*How to complete this task*
Would you print out all of the data exactly and keep the pictures out of it?

*Information shown*
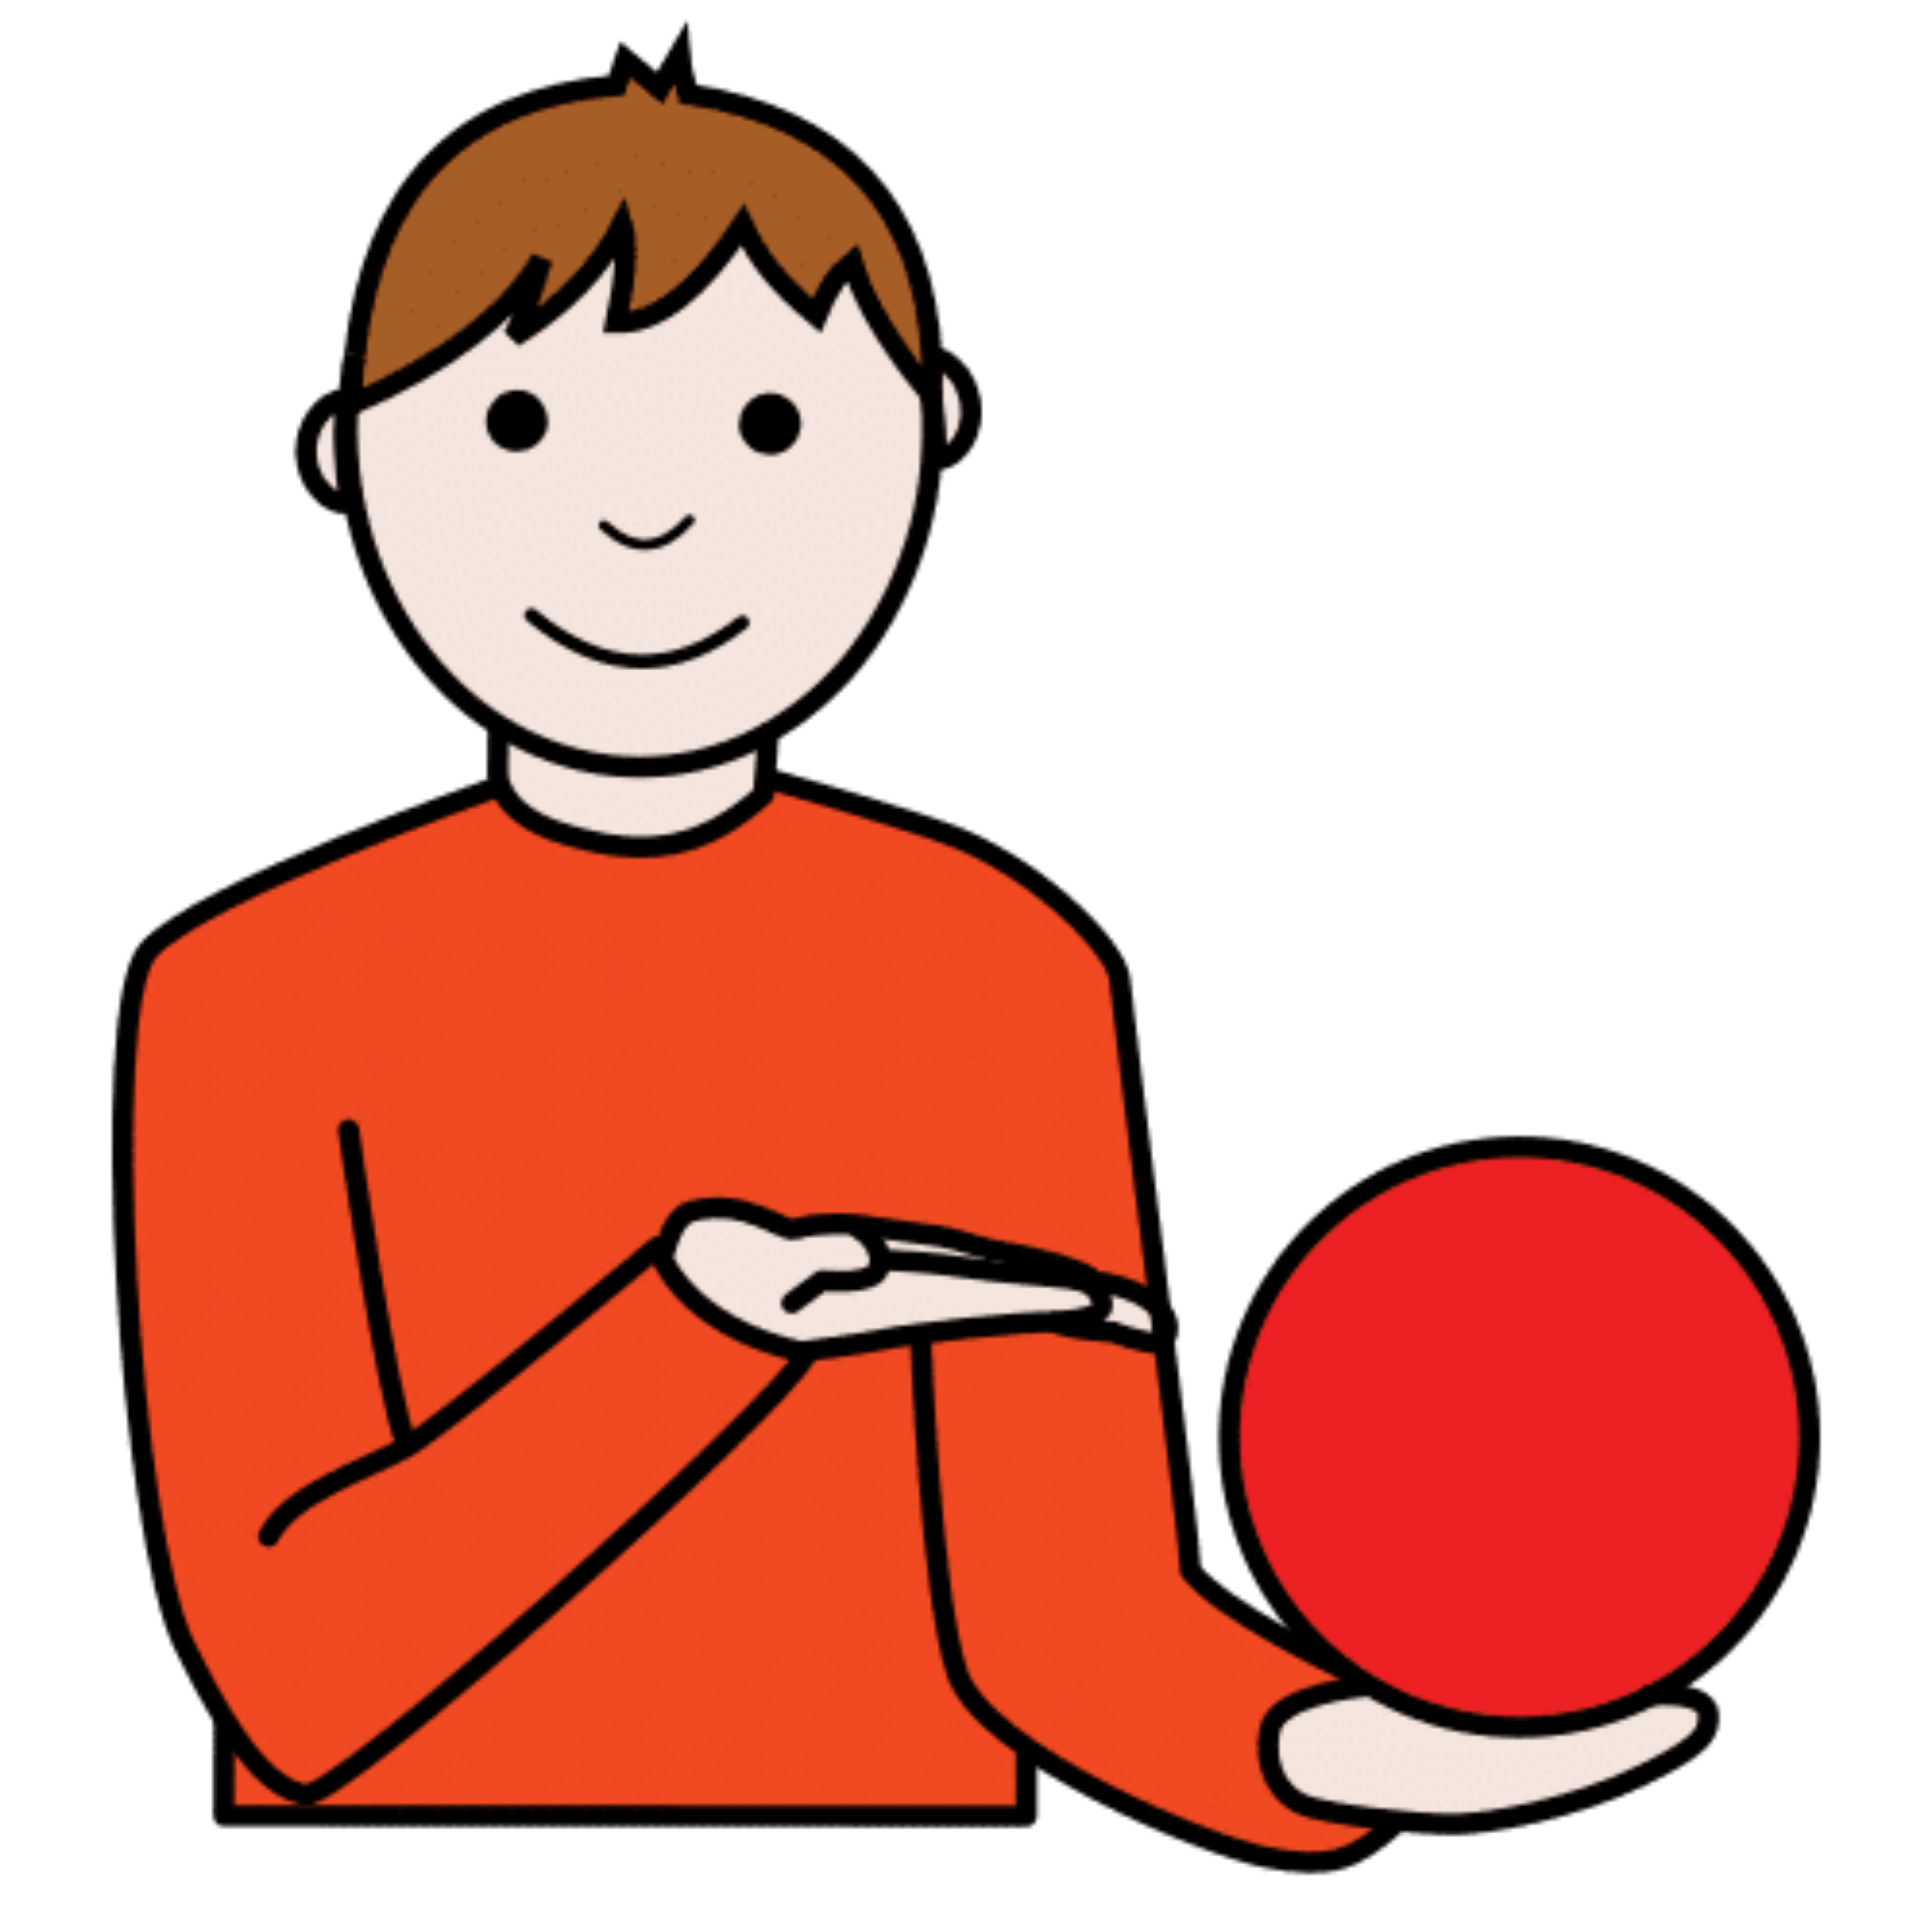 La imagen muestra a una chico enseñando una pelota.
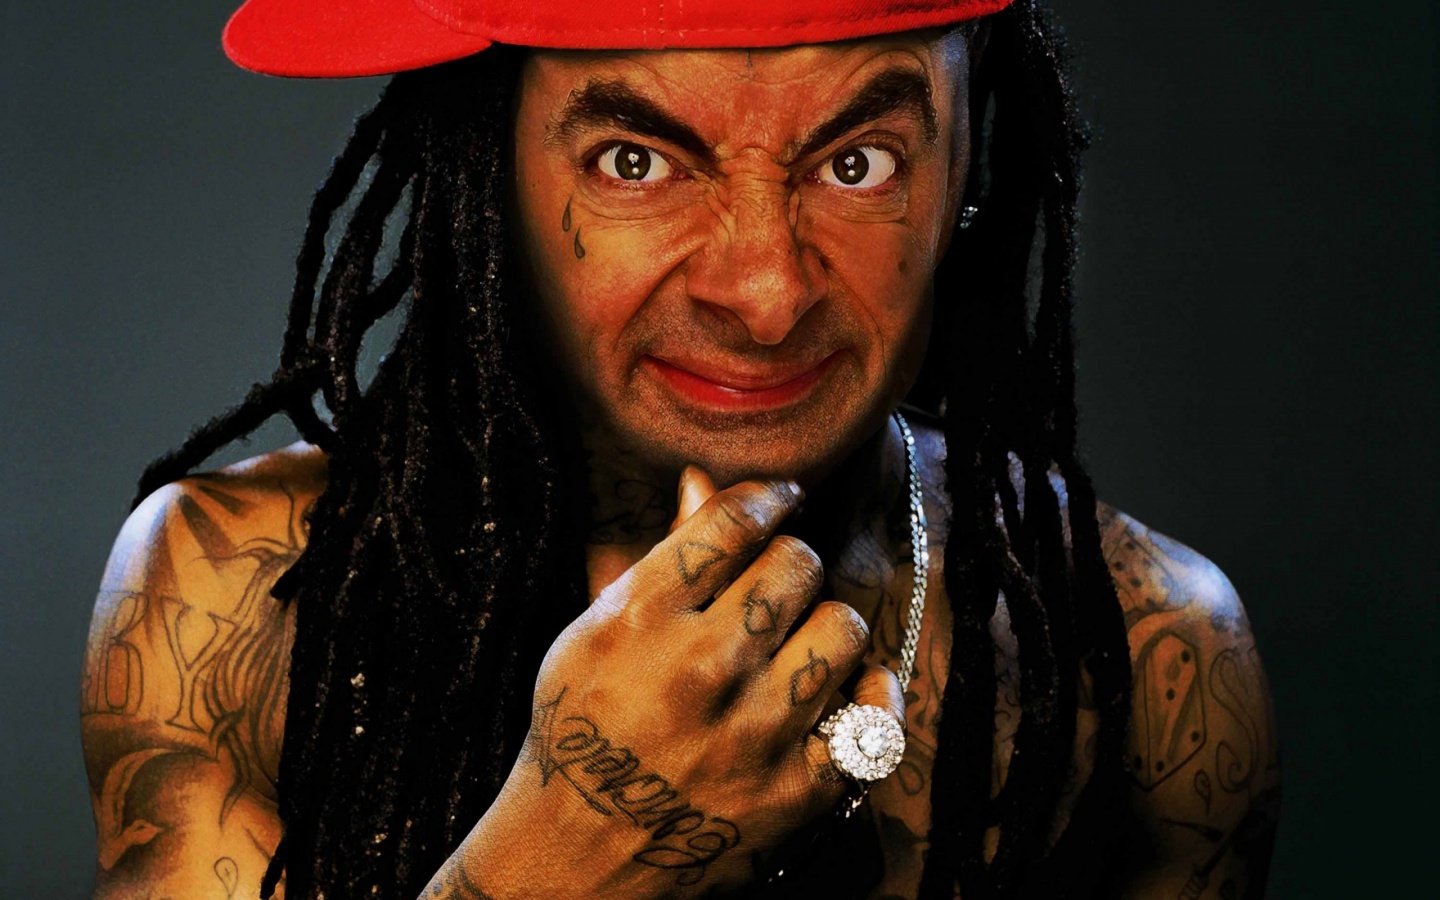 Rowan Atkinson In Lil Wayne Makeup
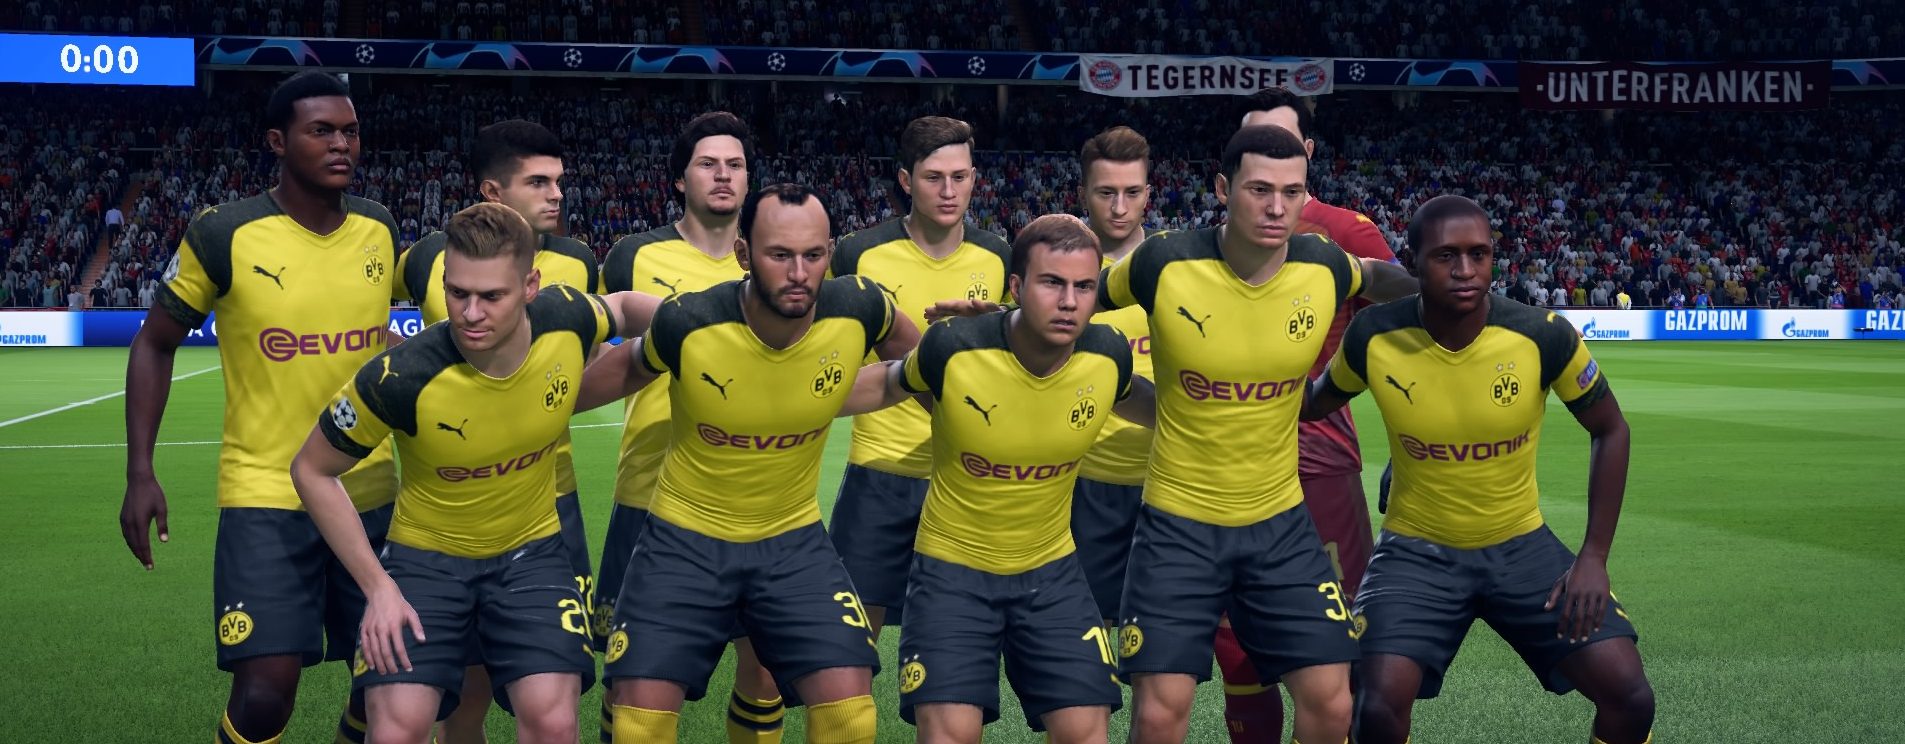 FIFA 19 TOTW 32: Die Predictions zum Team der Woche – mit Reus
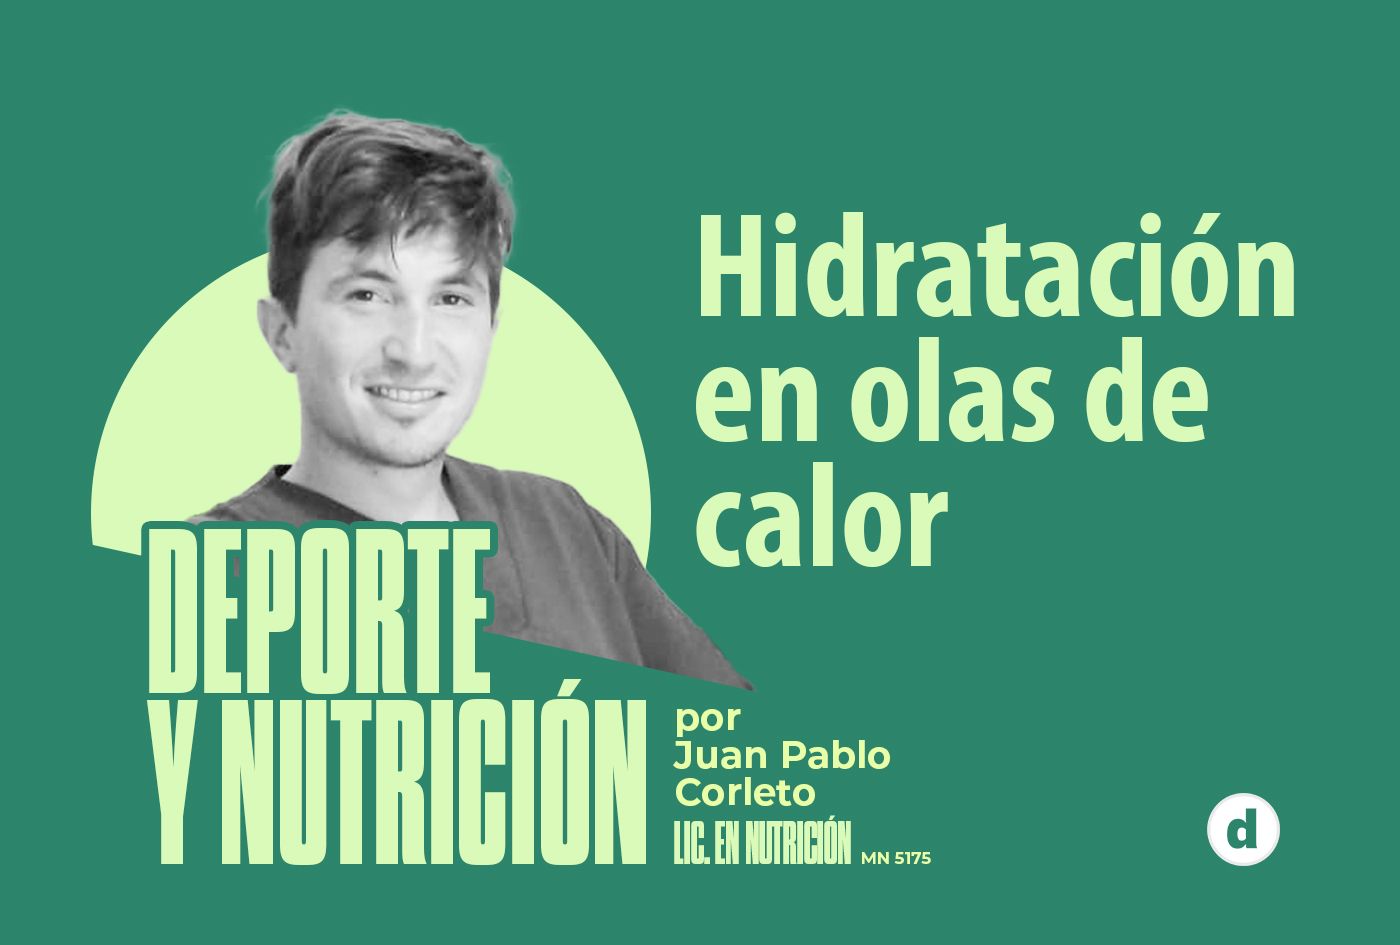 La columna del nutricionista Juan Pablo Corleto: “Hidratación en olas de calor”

*Written response*
 La imagen muestra a una chico enseñando una pelota.
 Rowan Atkinson In Lil Wayne Makeup
 FIFA 19 TOTW 32: Die Predictions zum Team der Woche – mit Reus
 La columna del nutricionista Juan Pablo Corleto: “Hidratación en olas de calor”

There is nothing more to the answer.